Besonders schlecht schnitten Associated Press, das Wall Street Journal und CBS News ab. Das Rating, das sie bekamen, würden sonst Unternehmen mit großen Sicherheitslücken erhalten. Aber auch MSNBC, Hufdington Post, CNN, New York Times, Bloomberg, Politico, USA Today oder Reuters landeten auf den unteren Plätzen, wären also dafür nach Upguard anfällig für Hackerattacken. Am sichersten werden Yahoo, Guardian, C-SPAN, Buzzfeed und die Washington Post eingestuft, allerdings soll Buzzfeed Anfang Oktober gehackt worden sein.

In das Netzwerk eines Nachrichtenmediums einzudringen und falsche Informationen zu verbreiten, könnte den Trend verstärken, so Greg Pollock, der Vizepräsident von Upguard, "sich über die Wahlen lustig zu machen und ein Gefühl der Irrealität zu schaffen". McClatchy hat bei CBS und dem Wall Street Journal angefragt, aber keine Antwort erhalten, AP habe erklärt, die ergriffenen Sicherheitsmaßnahmen nicht zu kommentieren. AP etwa würde nach Upguard einen Windows-Server namens Microsoft-IIS/7.5 einsetzen, was von außen erkennbar sei. Als Hacker müsse man nur googlen, um die Sicherheitslücken herauszubekommen, um zu überlegen, wie man einbrechen oder einen DoS-Angriff starten könnte.

Sicherheitsexperten erklären, man müsse nur auf Hacks warten. Bei sinkenden Einnahmen der Medienbranche würde weniger auf Sicherheit geachtet. Und so lange nichts passiert, würden Medienunternehmen auch die Sicherheitsprobleme gerne ignorieren. Sollten jetzt tatsächlich solche Manipulationen vorfallen, dann würde nach dem Misstrauen in die Wahlsysteme und Wahlverfahren auch das Misstrauen in die Medien weiter steigen. Auch ihnen wird in den USA nicht mehr als hierzulande vertraut.

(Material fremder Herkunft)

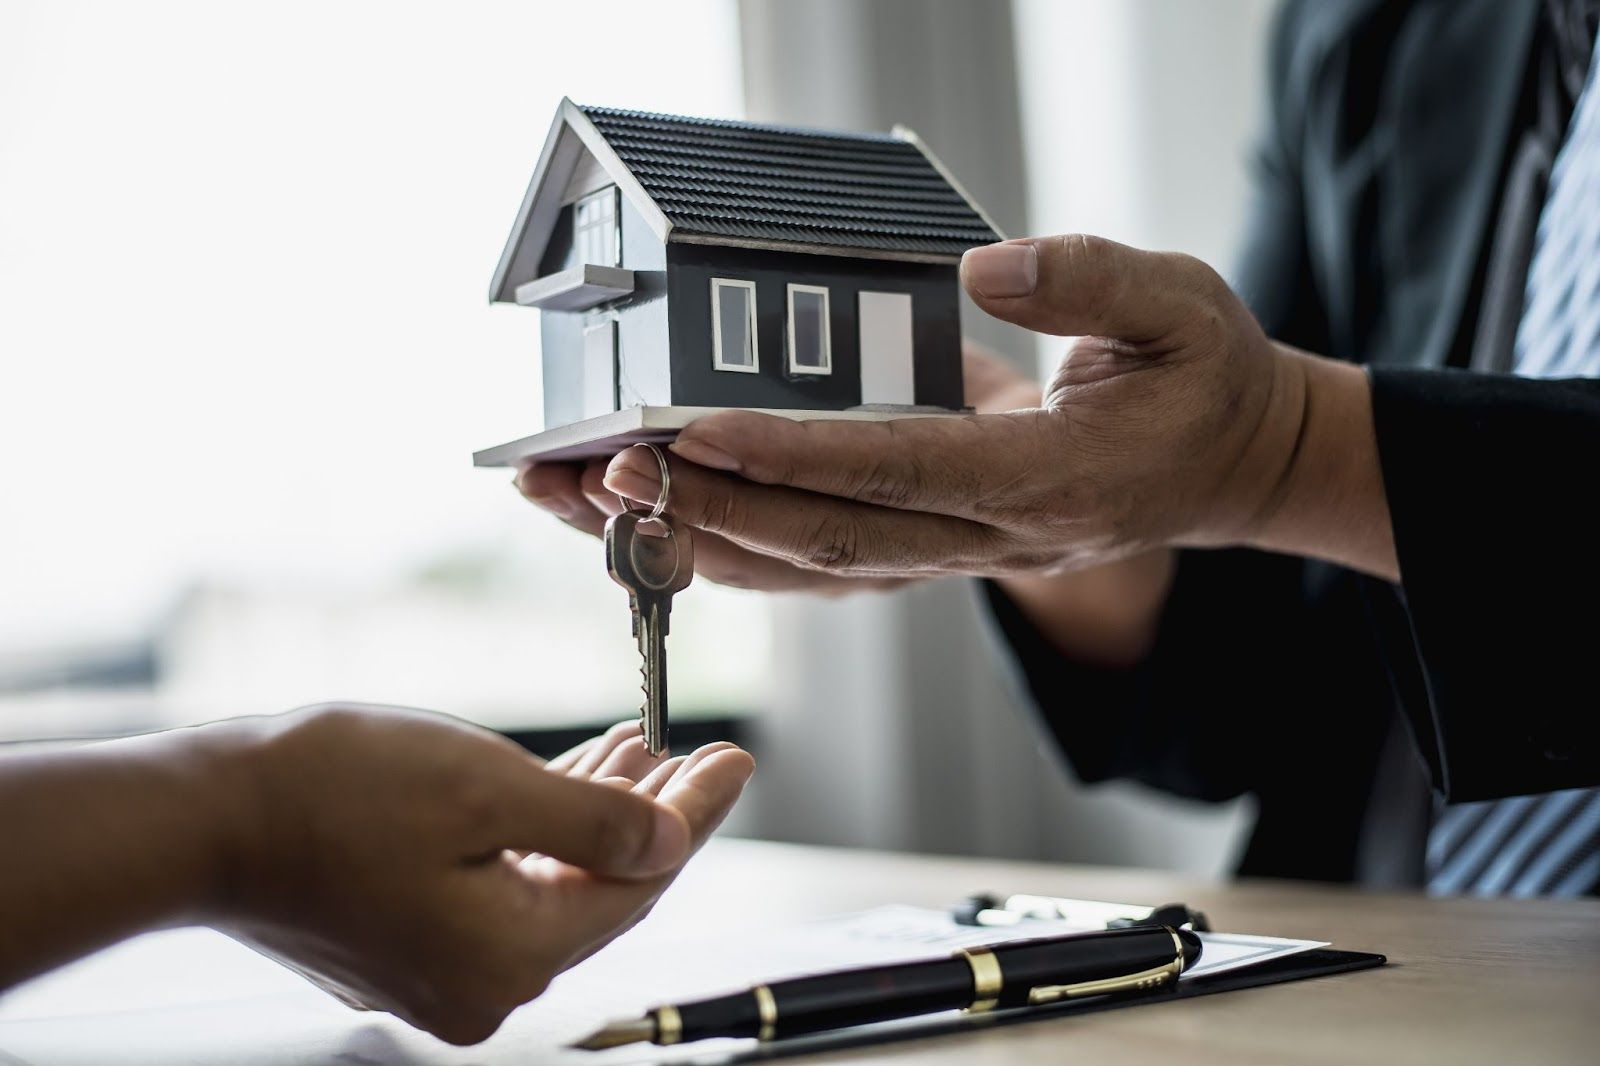 Hands holding a model gray house lower a house key into another person's open palm

Nach einer PEW-Umfrage vom Juli des Jahres verfolgen nur 27 Prozent der 18-29-Jährigen regelmäßig die Nachrichten. Unter den Über-65-Jährigen sagen dies noch 77 Prozent. Das Misstrauen gegenüber der Berichterstattung der nationalen Medien ist bei den jungen Amerikanern auch am höchsten, gerade einmal 10 Prozent haben in diese noch Vertrauen. Die "Lügenpresse" gibt es daher nicht nur in Deutschland. Bei den Über-65-Jährigen ist das Vertrauen zwar noch am höchsten, aber das hat auch nur ein Viertel.